The emphasis in US business had undergone a subtle transformation immediately after the war, with a shift in interest from the industrial power to management and marketing finesse, and the rise of a highly conservative corporatism. In 1948 Burtin’s design was considered more suitable to a look through rather than a reading magazine and Luce criticised the editorial content as insufficiently staunch in its backing of ‘the American enterprise system.’
A substantial redesign was begun in 1949 by the Dutch designer Leo Lionni, assisted by Walter Allner, a graduate of the Dessau Bauhaus who was to become art director from 1962 to 1974. The new format was introduced in September 1951 and was to remain substantially unchanged until 1969. Its ordered type and modular arrangement of pictures was in clinical contrast to Burtin’s exuberance. However, Lionni’s restraint was better suited to Fortune’s new emphasis on the management profile and corporate review, and on readability.

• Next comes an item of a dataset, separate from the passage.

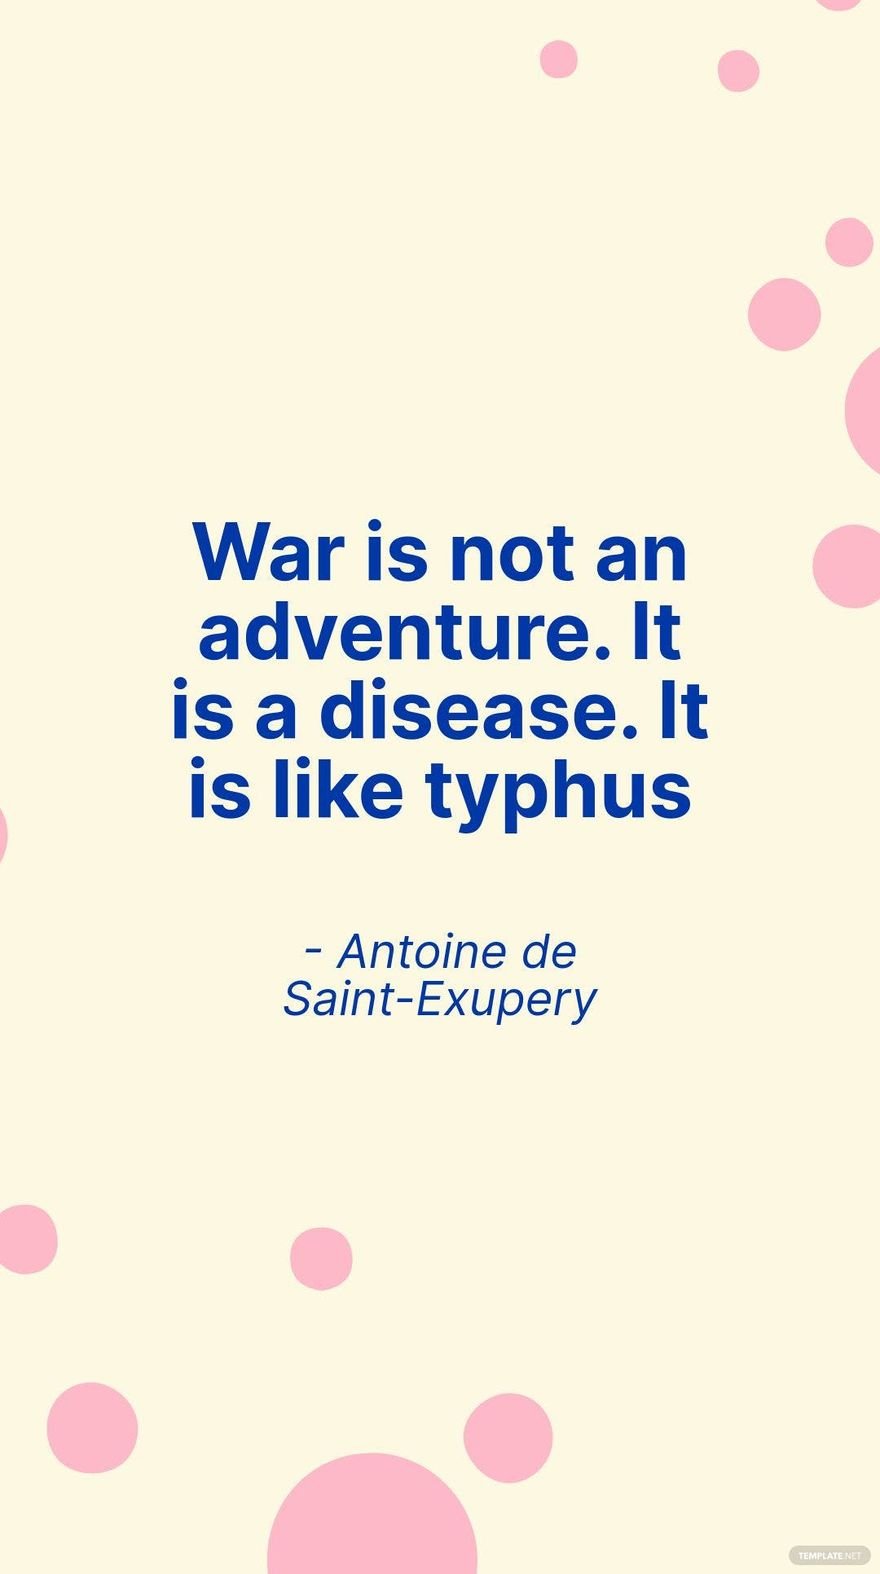 Antoine de Saint-Exupery - War is not an adventure. It is a disease. It is like typhus

Fortune’s wheel has come full circle, and in the preface to the September 1951 issue entitled ‘The function of Form’ Lionni echoed Cleland’s initial message: ‘Though the functions of magazines, and consequently their forms, are as variable as their titles, the first function of any magazine is to get itself read.’ Lionni aimed to ‘avoid the kind of false modernity that is sometimes accomplished by graphic tricks’, intending the design to ‘be functional rather than merely looking functional.’ Thus he spurned sanserifs and chose instead Bodoni Italic for heads and Century Expanded for body text. The visual dynamic was primarily symmetrical and the editorial structure was reorganised to present a clear beginning (news and reviews), middle (features) and end (round up). In summary, Fortune became more like a conventional magazine, although until its remaking as a small-format title in 1972, it retained much of its grandeur, its immense graphic sophistication, and its intellectual ambition.
For more than 40 years Fortune easily maintained its stature as the great American magazine. Given the huge resources and talent that went into its making, resources of a magnitude today commanded only by television producers, it is unlikely that its visual and journalistic achievements can – in print – ever be repeated.